BLACKSBURG, VA. —” Russell Green of the Charles E. Via, Jr., Department of Civil and Environmental Engineering at Virginia Tech, is leading the National Science Foundation-sponsored Geo-engineering Extreme Events Reconnaissance Team as it travels to Christchurch, New Zealand, to document the effects of the magnitude 6.3 earthquake that occurred on Feb 22. The team will focus on documenting geotechnical effects of extreme events as part of the U.S. National Earthquake Hazards Reduction Program.

Green, an associate professor of civil and environmental engineering, is leading the investigation of the earthquake’s geotechnical impacts. Other team members are: John Allen, TRI Environmental Inc.; Glenn Rix, Georgia Tech; Donald Wells, AMEC Geomatrix; Thomas O’Rourke, Cornell University; Aaron Bradshaw, University of Rhode Island; and Clinton Wood, University of Arkansas.

Green, Allen, and O’Rourke also were on the previous reconnaissance team that investigated the Sept. 4, 2010, magnitude 7.1 Darfield earthquake in New Zealand. The team members will work in close collaboration with their New Zealand colleagues from the University of Canterbury and the University of Auckland. Additionally, the team is coordinating its efforts with teams organized by the Earthquake Engineering Research Institute (EERI) and the American Society of Civil Engineers’ Technical Committee on Lifeline Earthquake Engineering.

Green spent five years as an earthquake engineer for the U.S. Defense Nuclear Facilities Safety Board in Washington, D.C., prior to becoming a university professor. Part of his responsibility at the safety board was to perform seismic safety analyses on the nation’s defense nuclear facilities.

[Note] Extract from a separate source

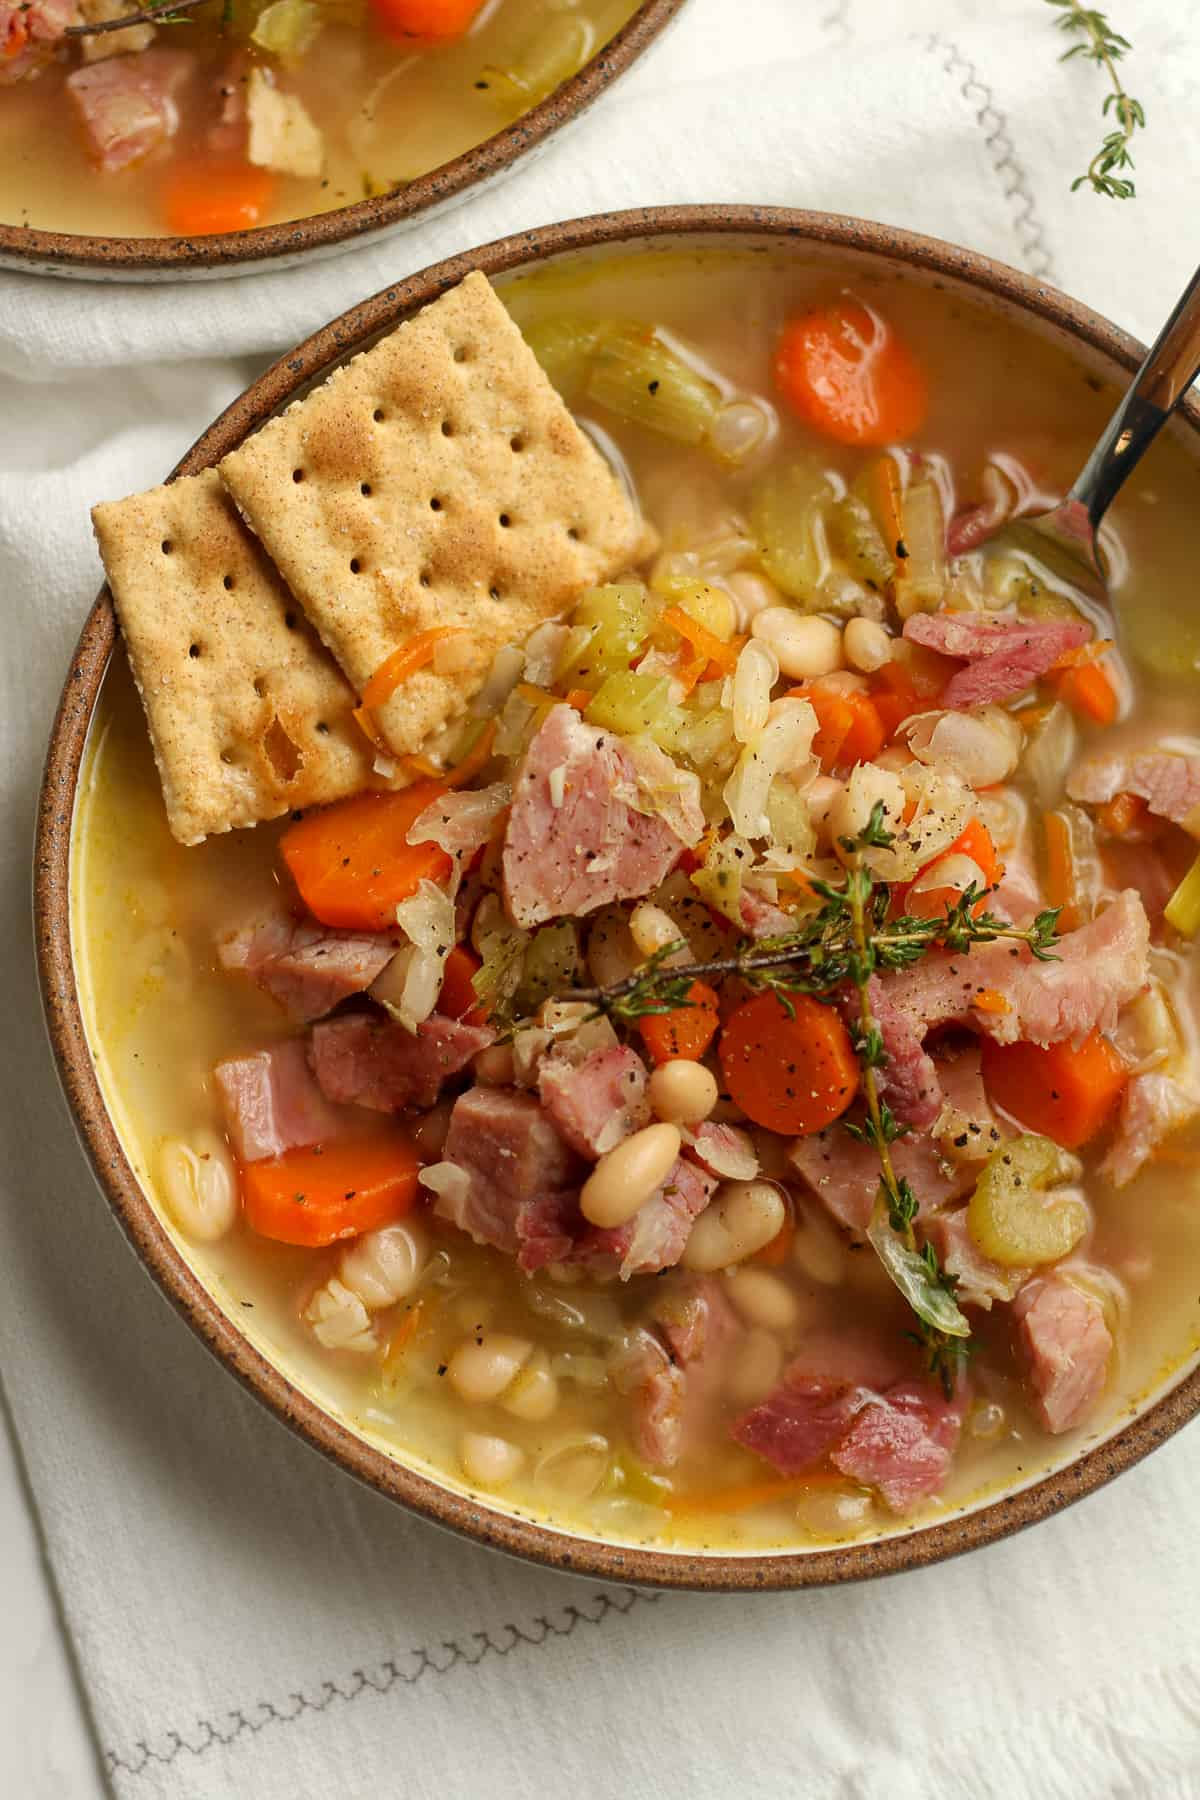 A bowl of the bean and ham soup, with crackers.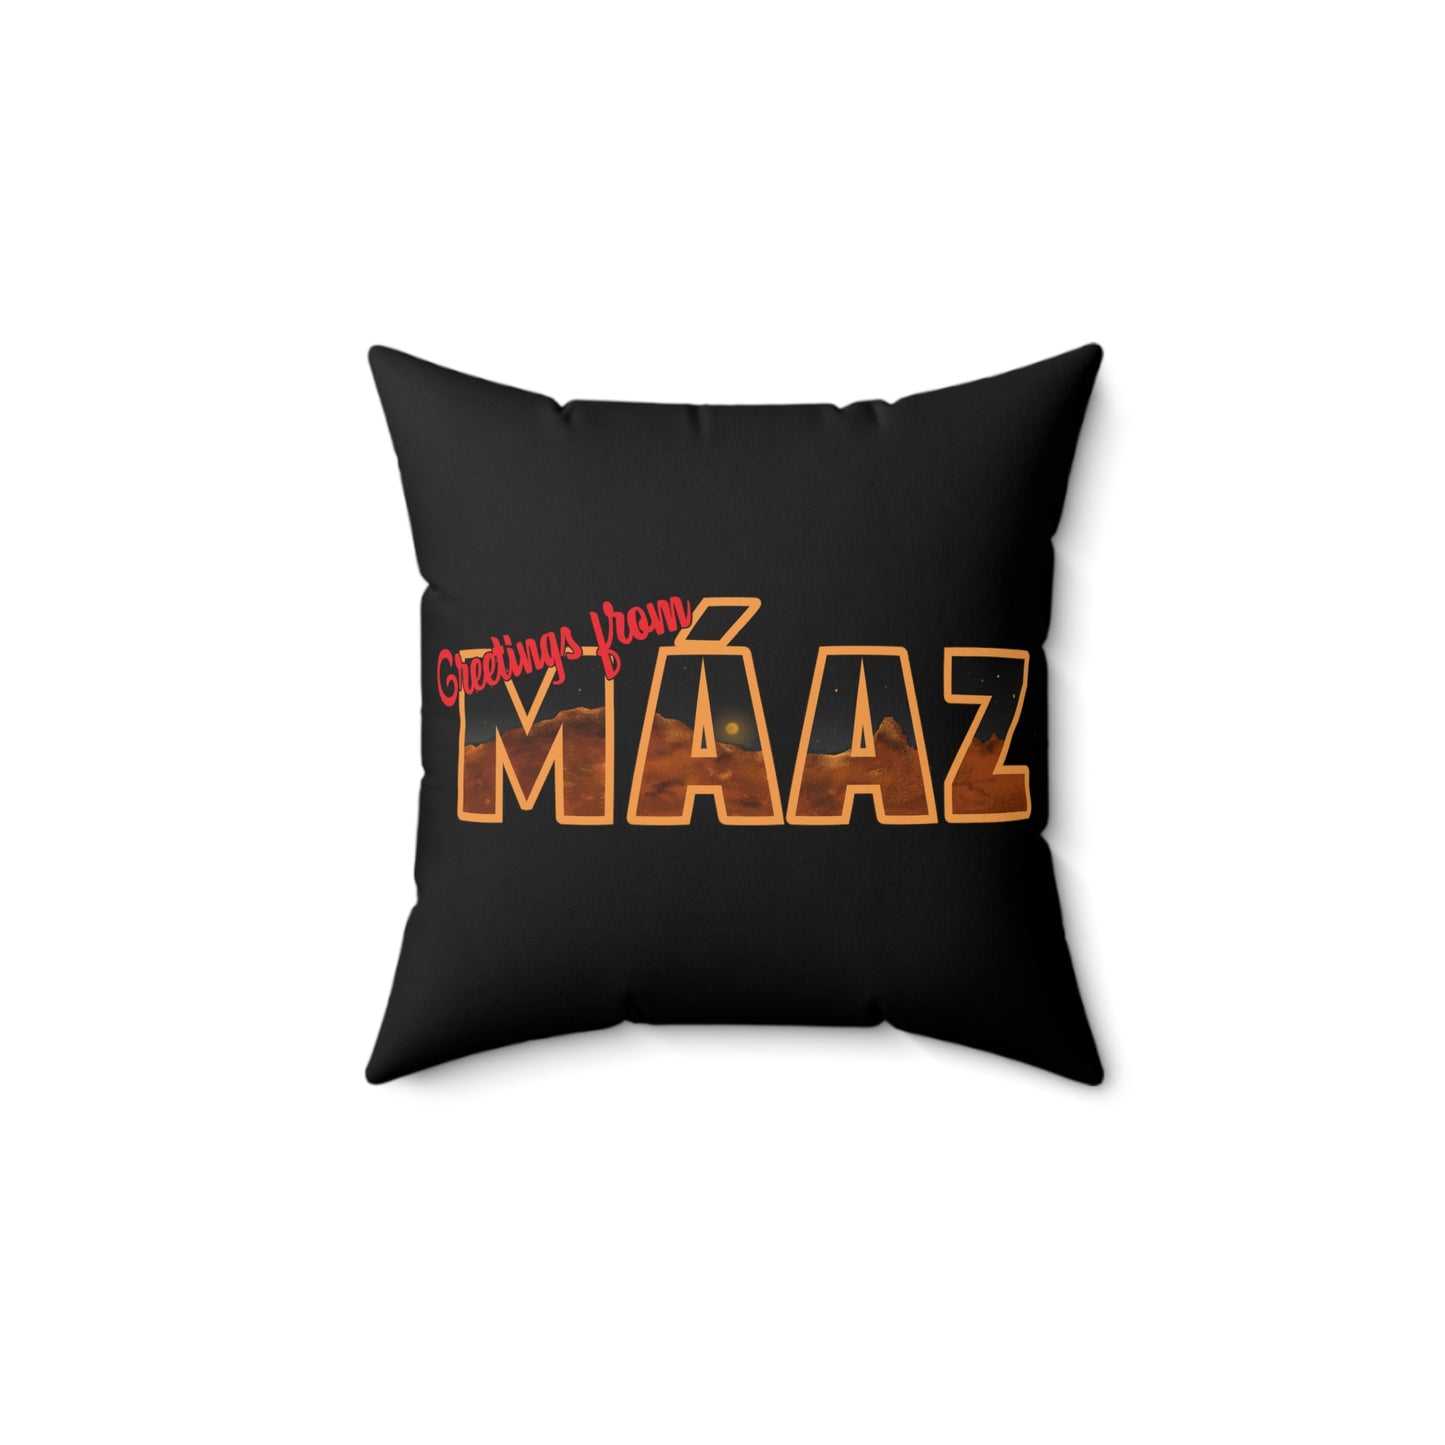 Greetings from Máaz Spun Polyester Square Pillow

Green’s concerns and expertise in earthquake engineering earned him a National Science Foundation CAREER Award in 2006 valued at more than $400,000. He has used this to support the development of procedures for collecting and analyzing data required for assessing the seismic hazard in regions where moderate to large earthquakes would have significant consequences, yet they remain low probability events.

The team members have been in close contact with engineers and scientists already in Christchurch, New Zealand, the site of the earthquake. Most of the team arrived in Christchurch on March 1, at which time they began work with their New Zealand
colleagues to perform field investigations. The team worked in the field until March 6, with the initial plan to focus efforts on: building foundation response, liquefaction and other ground failures, performance of bridges and other lifelines, performance of port facilities, and slope failures.